What Does It Mean When Prices Drop?
There are several possible interpretations for the term "dropping home prices." Describe the possible kind of price drop that it is:
The listing agent and seller will discuss lowering the asking price of a house if it is sitting on the market and not drawing any attention.
Larger-scale listing price reductions indicate that a seller's market that was previously tight is becoming less competitive and may even be shifting in favor of buyers.
According to Redfin data, just 18.4% of houses had listing price reductions in August 2023, a decrease from 20.2% in August 2022 and even less than the peak of 21.7% in October 2022.
Longer median days on the market are frequently correlated with reductions in listing prices.
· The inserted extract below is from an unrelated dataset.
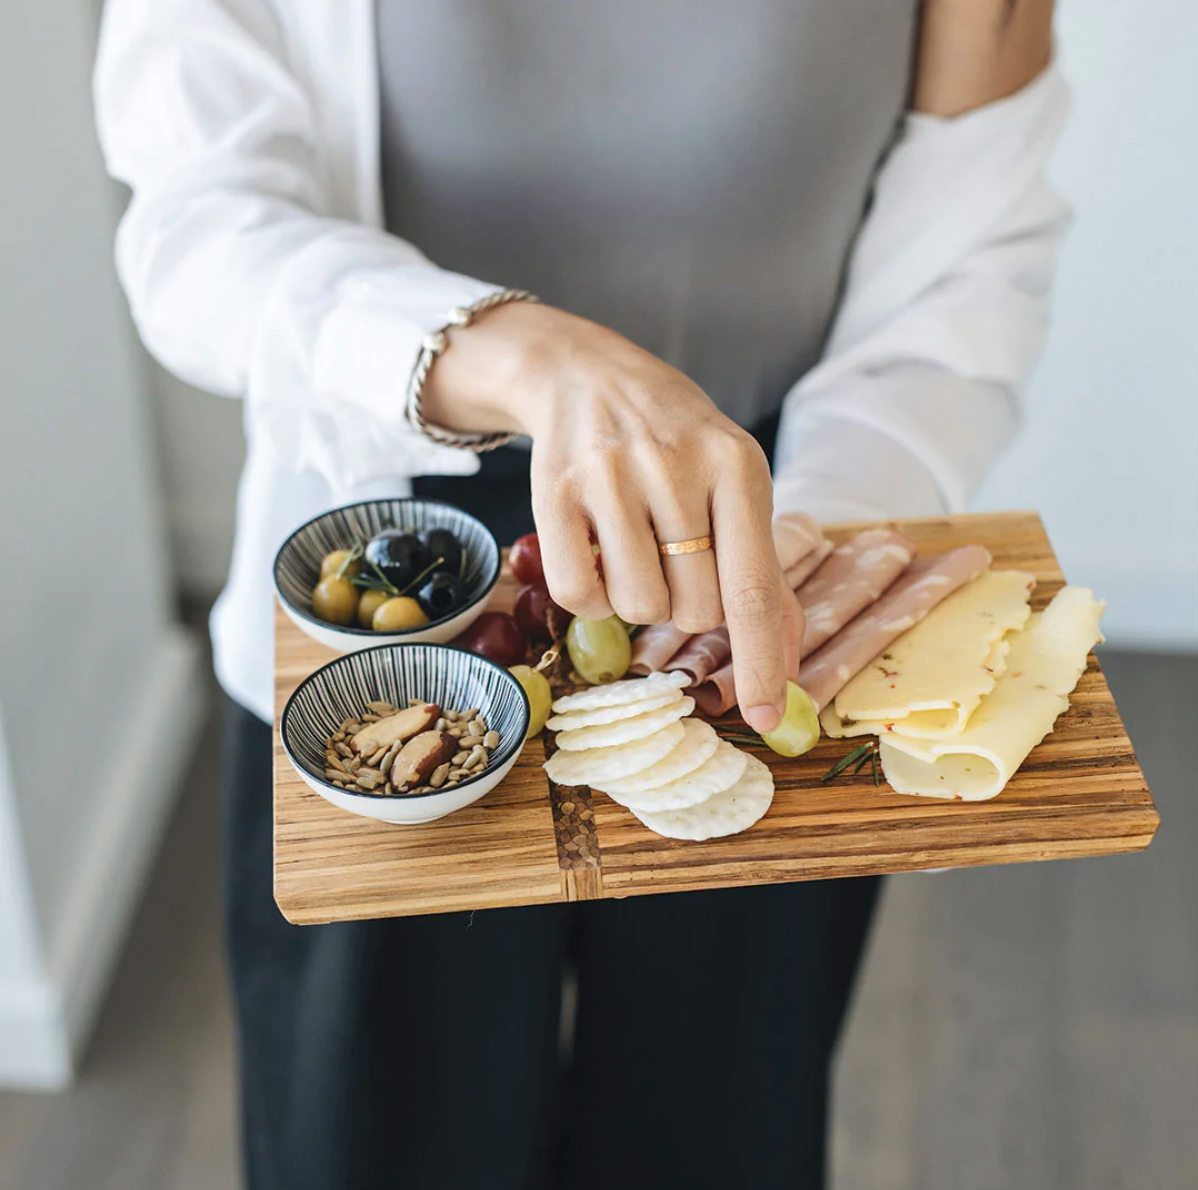 Chop board - charcuterie & cheese

Homes across the country were on the market for an average of 29 days in July 2023, compared to 21 days in July 2022.
Slowdown in the rise in sale prices.
Though they are increasing far more slowly than a year ago, home sale prices are still higher in some cities.
According to Redfin data, a home's median sales price peaked in May 2022 at $434,780, a notable increase of 15.4% from May 2021's $376,634. But prices remained unchanged from May 2022 to August 2023, falling just 3.2% to $420,846.
Monthly drops in the price of homes.
Dropping month-to-month pricing if, for example, the August median home sale price was less than the July median.
However, month-to-month figures are sometimes considered too unpredictable to show shifting trends unless placed within a larger framework due to the housing market's predominantly seasonal character.
If the August 2023 median house sale price was less than the August 2022 median price, there has been a year-over-year decrease in the median price.
Do house prices see a decline?
The price of homes has climbed very slightly nationally year over year. Still, month after month, it is beginning to level out. According to Redfin data, the sale price in August 2023 was $420,846, representing a 3% rise in value over the same period in 2022.
Closed listing prices increased by just 0.22% month over month.
The sale-to-list price is still 99.9% and hasn't altered in a year, despite 18.4% of properties having reduced their costs in August 2023.
This is probably because of the continuous shortage of available housing inventory.
This indicates that instead of attempting to enter the market with somewhat lower offers, as is sometimes the case in a buyer's market, buyers are offering sellers precisely what they're asking for their houses.
"We're seeing houses listed and sold pretty close to their listing price," said Chris Stroud, chief research officer at HouseCanary and co-founder.
He added, "Sellers are unwilling to give up low rates and sell their homes at a discount, so cuts are coming down significantly."
Redfin reports that the median days on the market in August 2023 grew by just 4 days from the previous year to 30 days.
Although there has been a notable increase from the July 2021 low of 15 days, the median days on the market remain lower than any point between August 2018 and August 2020.
The continuous shortage is to blame for this.
There were 2,361,948 homes listed in the U.S. as of August 2018; however, this number has been falling for years.
As of August 2023, there were only 1,514,235 homes listed, a 35% loss over the previous five years and an 18.6% decline year over year.
Over five years, the median sales price of homes increased by 47.5%, from $285,252 in August 2018 to $420,846 in August 2018. However, many believe this growth rate cannot be sustained.
Stroud states, "Prices are still close to all-time highs, and mortgage rates are at multidecade highs."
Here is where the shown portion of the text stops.